Indeks Harga Saham Gabungan (IHSG) mengalami volatilitas tinggi pada perdagangan Jumat (29/5). Sempat dibuka menguat signifikan hingga 1,43% ke level 6.217 pada sesi pertama, indeks justru berbalik arah dan ditutup melemah tipis 0,05% ke posisi 6.127 di akhir sesi perdagangan.
Secara keseluruhan, tekanan jual tampak mendominasi pasar. Tercatat sebanyak 409 saham mengalami koreksi, sementara 271 saham berhasil ditutup menguat dan 137 saham lainnya stagnan. Berdasarkan data Bursa Efek Indonesia (BEI), total nilai transaksi hari ini mencapai Rp 49,94 triliun dengan volume perdagangan sebesar 46,96 miliar saham dan frekuensi transaksi sebanyak 2,37 juta kali. Adapun total kapitalisasi pasar IHSG tercatat di angka Rp 10.752 triliun.

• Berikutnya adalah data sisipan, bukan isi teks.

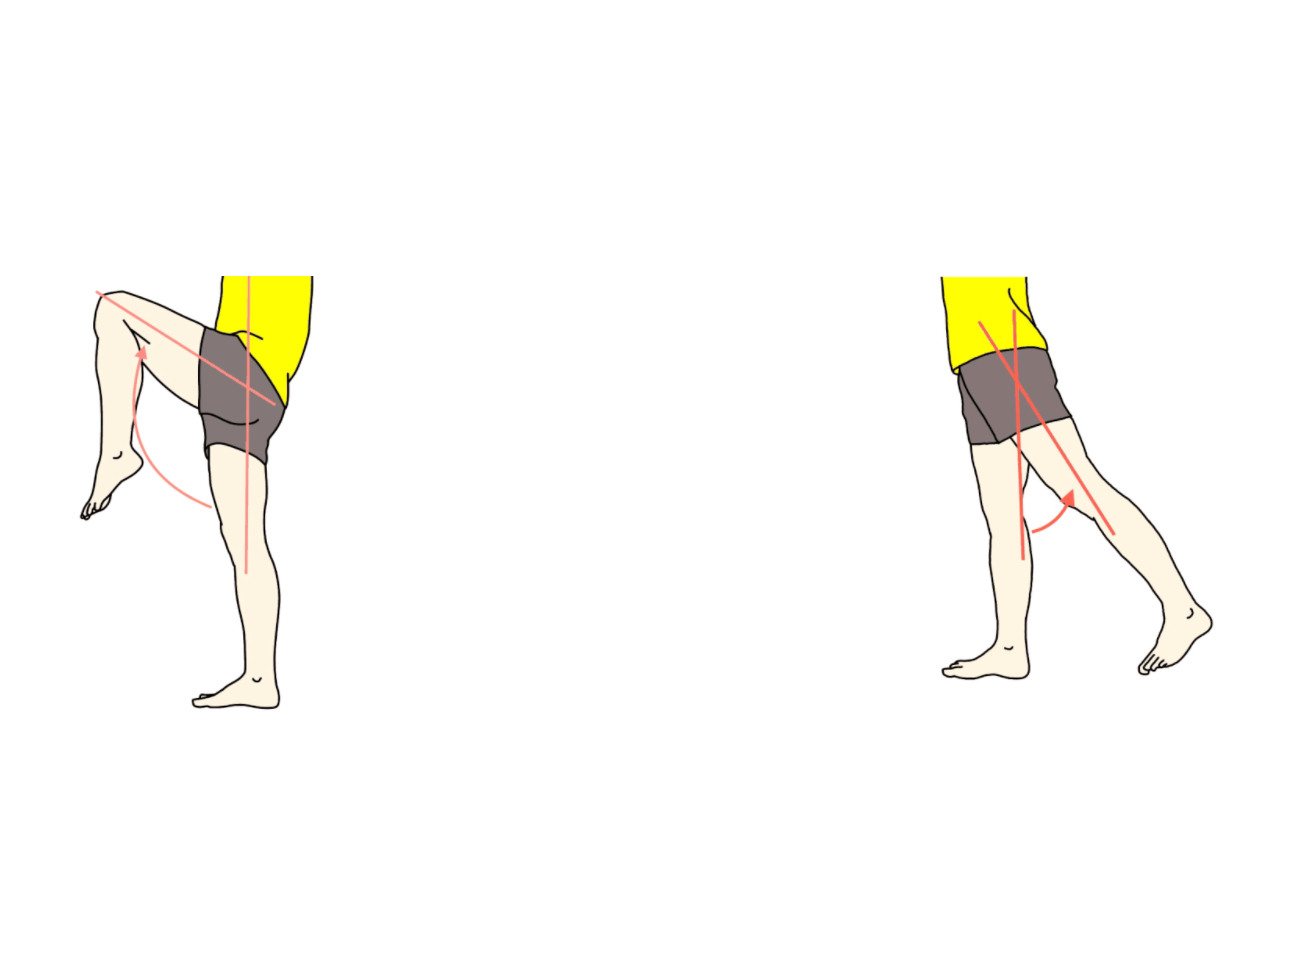 股関節の屈曲と伸展の拮抗筋

Aktivitas pasar hari ini diwarnai oleh maraknya transaksi crossing atau transaksi tutup sendiri pada sejumlah saham berkapitalisasi besar. Transaksi jumbo tersebut di antaranya terjadi pada saham PT Super Bank Indonesia Tbk (SUPA) senilai Rp 812,60 miliar di harga Rp 326, serta PT Amman Mineral Internasional Tbk (AMMN) senilai Rp 304,39 miliar di harga Rp 3.300. Selain itu, transaksi serupa juga melibatkan saham PT Telkom Indonesia Tbk (TLKM) sebesar Rp 241,01 miliar, PT Bank Mandiri Tbk (BMRI) sebesar Rp 228,80 miliar, PT Sinar Mas Multiartha Tbk (SMMA) sebesar Rp 195,98 miliar, dan PT Bank Central Asia Tbk (BBCA) sebesar Rp 125,60 miliar.
Meskipun indeks utama melemah, enam dari sebelas sektor di bursa berhasil bertahan di zona hijau. Sektor infrastruktur mencatat kinerja paling impresif dengan kenaikan sebesar 2,89%. Salah satu penggerak sektor ini adalah saham PT Solusi Sinergi Digital Tbk (WIFI) yang menguat 1,99% ke level Rp 2.050.
Sentimen pasar global pada perdagangan hari ini cenderung variatif. Bursa saham Asia mayoritas berada di zona hijau, dengan kenaikan indeks Nikkei sebesar 2,61%, Hang Seng 1,10%, dan Straits Times 0,92%. Berbeda dengan tren regional, indeks Shanghai Composite justru harus terkoreksi 0,73%.
Berikut adalah deretan saham yang mencatatkan performa terbaik dan terburuk pada perdagangan hari ini:
Saham Top Gainers:
- PT Barito Renewables Energy Tbk (BREN) naik 25% ke Rp 3.300.
- PT Raharja Energi Cepu Tbk (RATU) naik 25% ke Rp 5.300.
- PT Barito Pacific Tbk (BRPT) naik 24,76% ke Rp 1.940.
Saham Top Losers:
- PT Adhi Karya Tbk (ADHI) turun 6,15% ke Rp 168.
- PT Chandra Asri Pacific Tbk (TPIA) turun 6,05% ke Rp 1.785.
- PT Bumi Serpong Damai Tbk (BSDE) turun 5,26% ke Rp 630.
Ringkasan
Indeks Harga Saham Gabungan (IHSG) ditutup melemah tipis 0,05% ke level 6.127 pada perdagangan Jumat (29/5), setelah sempat dibuka menguat signifikan. Tekanan jual mendominasi pasar dengan 409 saham mengalami koreksi dari total nilai transaksi harian yang mencapai Rp 49,94 triliun.
Aktivitas perdagangan diwarnai oleh transaksi jumbo atau crossing pada sejumlah saham berkapitalisasi besar, seperti SUPA, AMMN, TLKM, BMRI, SMMA, dan BBCA. Meskipun indeks utama melemah, sektor infrastruktur berhasil mencatatkan kinerja impresif dengan kenaikan 2,89% di tengah sentimen pasar Asia yang cenderung variatif.